Com as vênias necessárias, eis a colação do trecho, do acórdão vergastado, pertinente à matéria probatória, ipsis litteris:
“Nesse diapasão, convém destacar, que assiste razão à apelante no seu inconformismo, porquanto a parte, através de um “Termo de Ocorrência e Inspeção (TOI)”, ao que tudo indica regularmente lavrado pelos seus agentes fiscalizadores, constatou desvio de energia elétrica, a partir de uma adulteração no funcionamento do medidor de consumo da residência da apelada.
Entende-se, portanto que o termo de ocorrência fora lavrado de forma válida, tendo em vista, inclusive, que se acercou de documentos como fotografias e históricos de medição e de diferença de faturamento. Acercou-se, enfim, de todas as cautelas previstas na referida Resolução Normativa 414/2010.
[…]
Ademais, no tocante à suspensão do fornecimento de energia, devido a débito estrito da recuperação de consumo efetivo por fraude no aparelho medidor, ressalta-se que a atual jurisprudência do STJ tem entendido no sentido a favor de sua ocorrência, contanto o consumidor seja previamente notificado, conforme o disposto, in verbis:
ADMINISTRATIVO E PROCESSUAL CIVIL. ART. 543-C DO CPC (ATUAL 1.036 DO CPC/2015) E RESOLUÇÃO STJ 8/2008. RECURSO REPRESENTATIVO DE CONTROVÉRSIA. DESAFETAÇÃO DO PRESENTE CASO. SERVIÇOS PÚBLICOS. FORNECIMENTO DE ENERGIA ELÉTRICA. SUSPENSÃO. DÉBITOS PRETÉRITOS.(...) 2. Conforme fixado no REsp 1.412.433/RS (Rel. Ministro Herman Benjamin, Primeira Seção, DJe 28.9.2018) sob o rito dos arts. 1.036 e seguintes do CPC/2015: “Na hipótese de débito estrito de recuperação de consumo efetivo por fraude no aparelho medidor atribuída ao consumidor, desde que apurado em observância aos princípios do contraditório e da ampla defesa, é possível o corte administrativo do fornecimento do serviço de energia elétrica, mediante prévio aviso ao consumidor, pelo inadimplemento do consumo recuperado correspondente ao período de 90 (noventa) dias anterior à constatação da fraude, contanto que executado o corte em até 90 (noventa) dias após o vencimento do débito, sem prejuízo do direito de a concessionária utilizar os meios judiciais ordinários de cobrança da dívida, inclusive antecedente aos mencionados 90 (noventa) dias de retroação”. 3. Na hipótese dos autos, Tribunal Estadual declarou a ilegalidade do corte de energia por ser relacionado a débitos pretéritos de recuperação de consumo, sem especificar o período a que se refere, razão por que deve ser provido o presente recurso para que os autos retornem à origem para julgar o caso conforme os parâmetros aqui fixados. 4. Recurso Especial parcialmente provido. (RESP - RECURSO ESPECIAL - 1412435 2013.01.08787-7, HERMAN BENJAMIN - PRIMEIRA SEÇÃO, DJE DATA:02/08/2019 ..DTPB:.)

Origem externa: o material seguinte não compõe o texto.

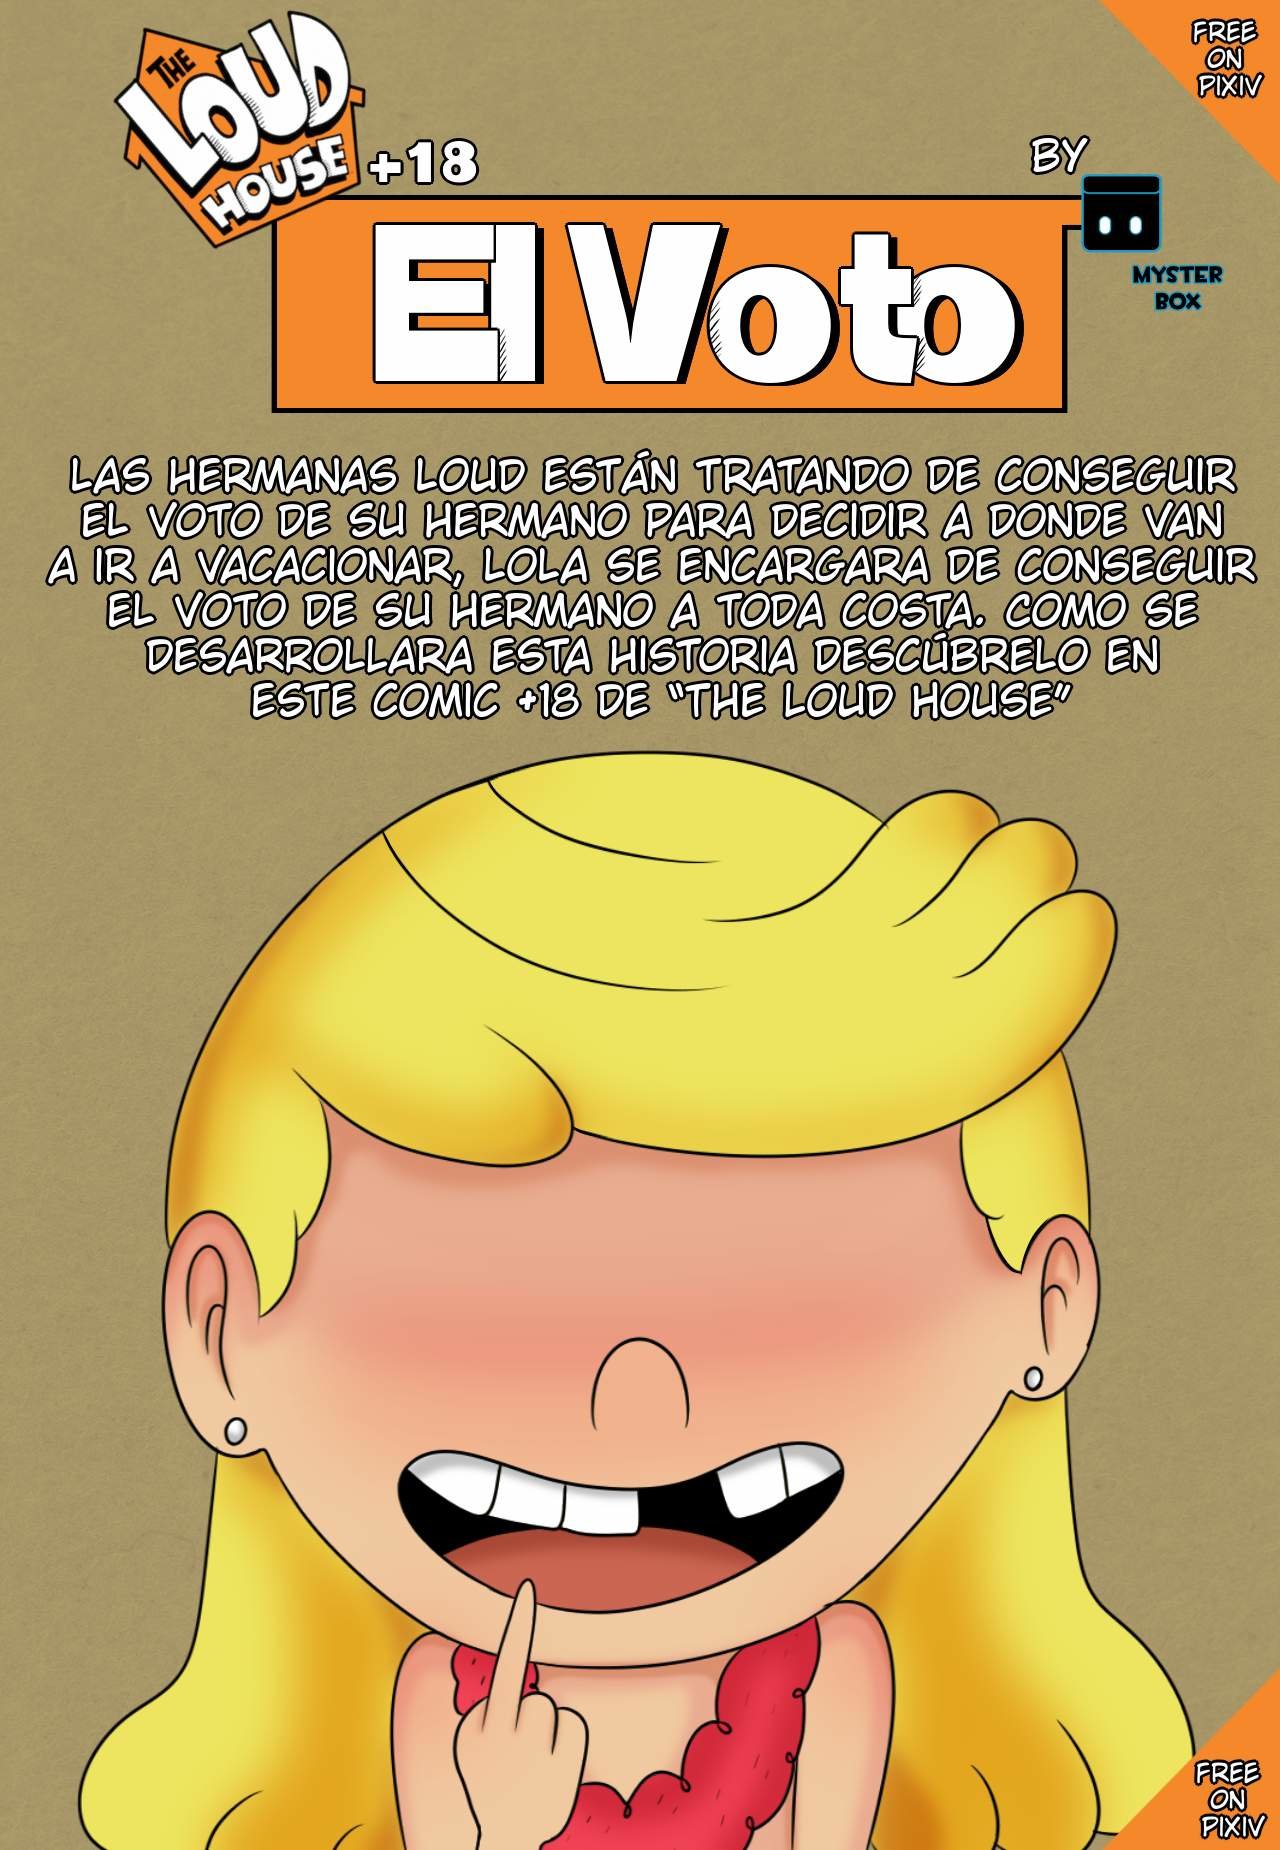 (Myster box) El voto - 0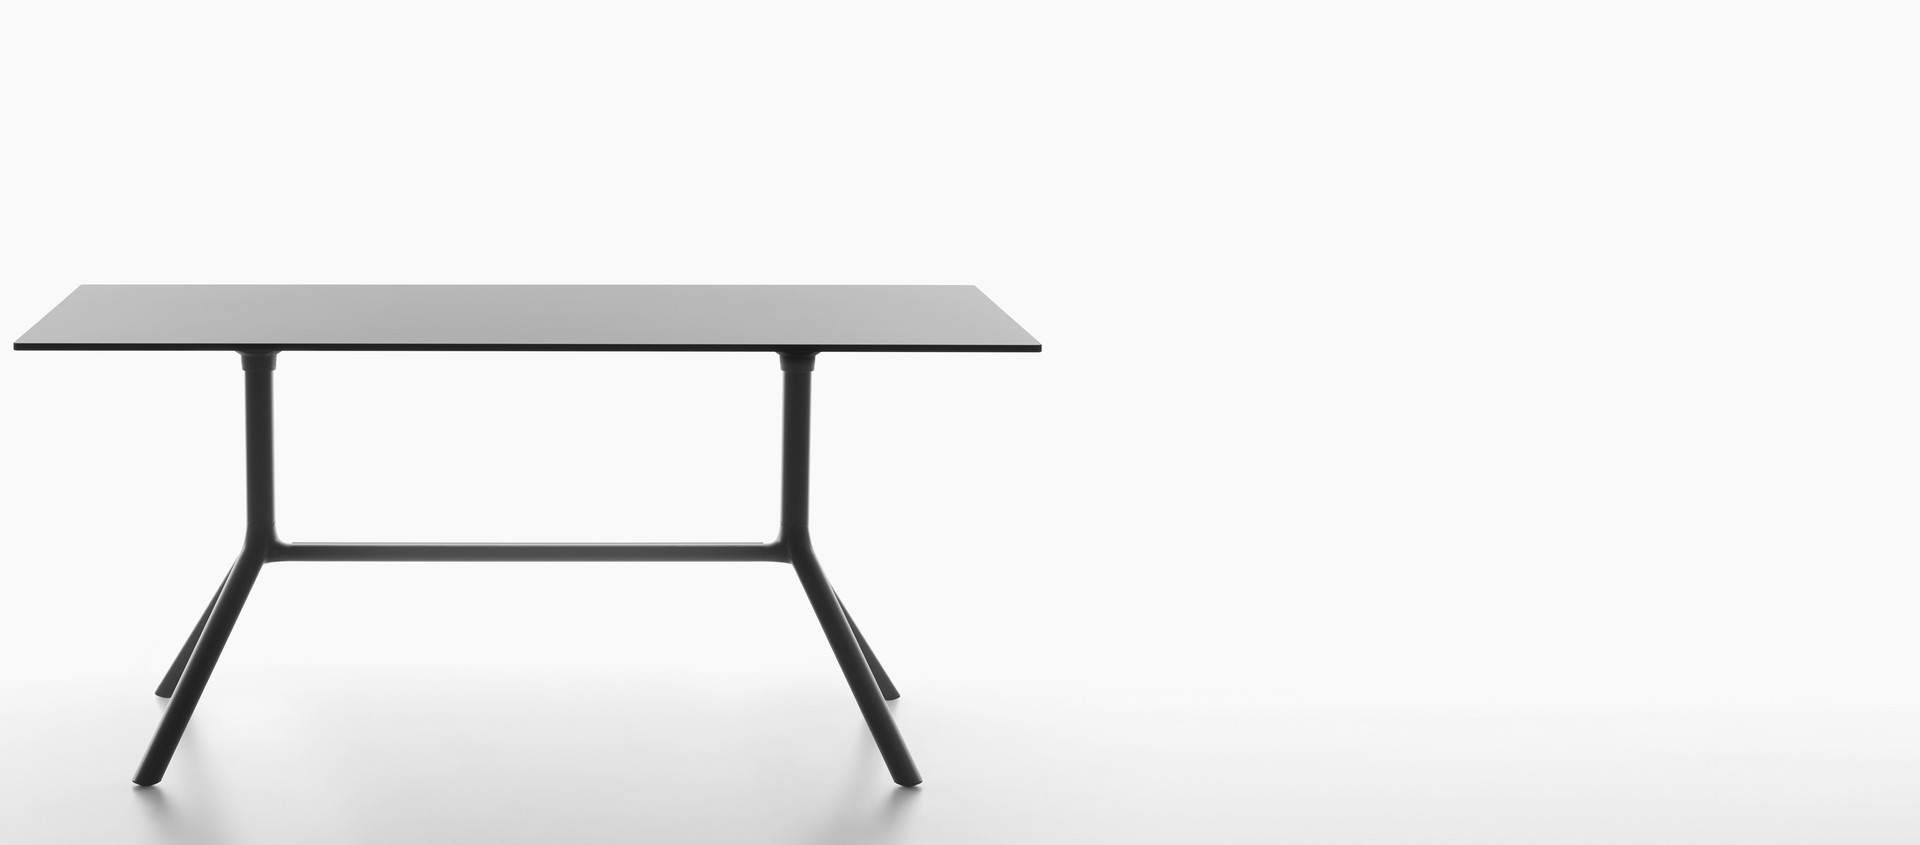 HERO - MIURA table rectangular table top, 73 cm high

Dessarte, inexiste, no decisum guerreado, qualquer vício a ser sanado acerca dos tópicos questionados, pois, como se depreende, em especial, das partes grifadas e sublinhadas, as matérias as quais a embargante compreende como omissas encontram-se devidamente fundamentadas e amparadas pela legislação, jurisprudência e os documentos pertinentes ao caso.
De resto, o Código de Processo Civil, em seu artigo 1.025, consagrou a chamada tese do prequestionamento ficto, ao considerar que a simples interposição dos embargos de declaração já é suficiente para prequestionar a matéria, “ainda que os embargos de declaração sejam inadmitidos ou rejeitados, caso o tribunal superior considere existentes erro, omissão, contradição ou obscuridade”. Portanto, entendo que não haverá prejuízo ao inconformismo da ora embargante quando, porventura, seja apresentado recurso aos Tribunais Superiores.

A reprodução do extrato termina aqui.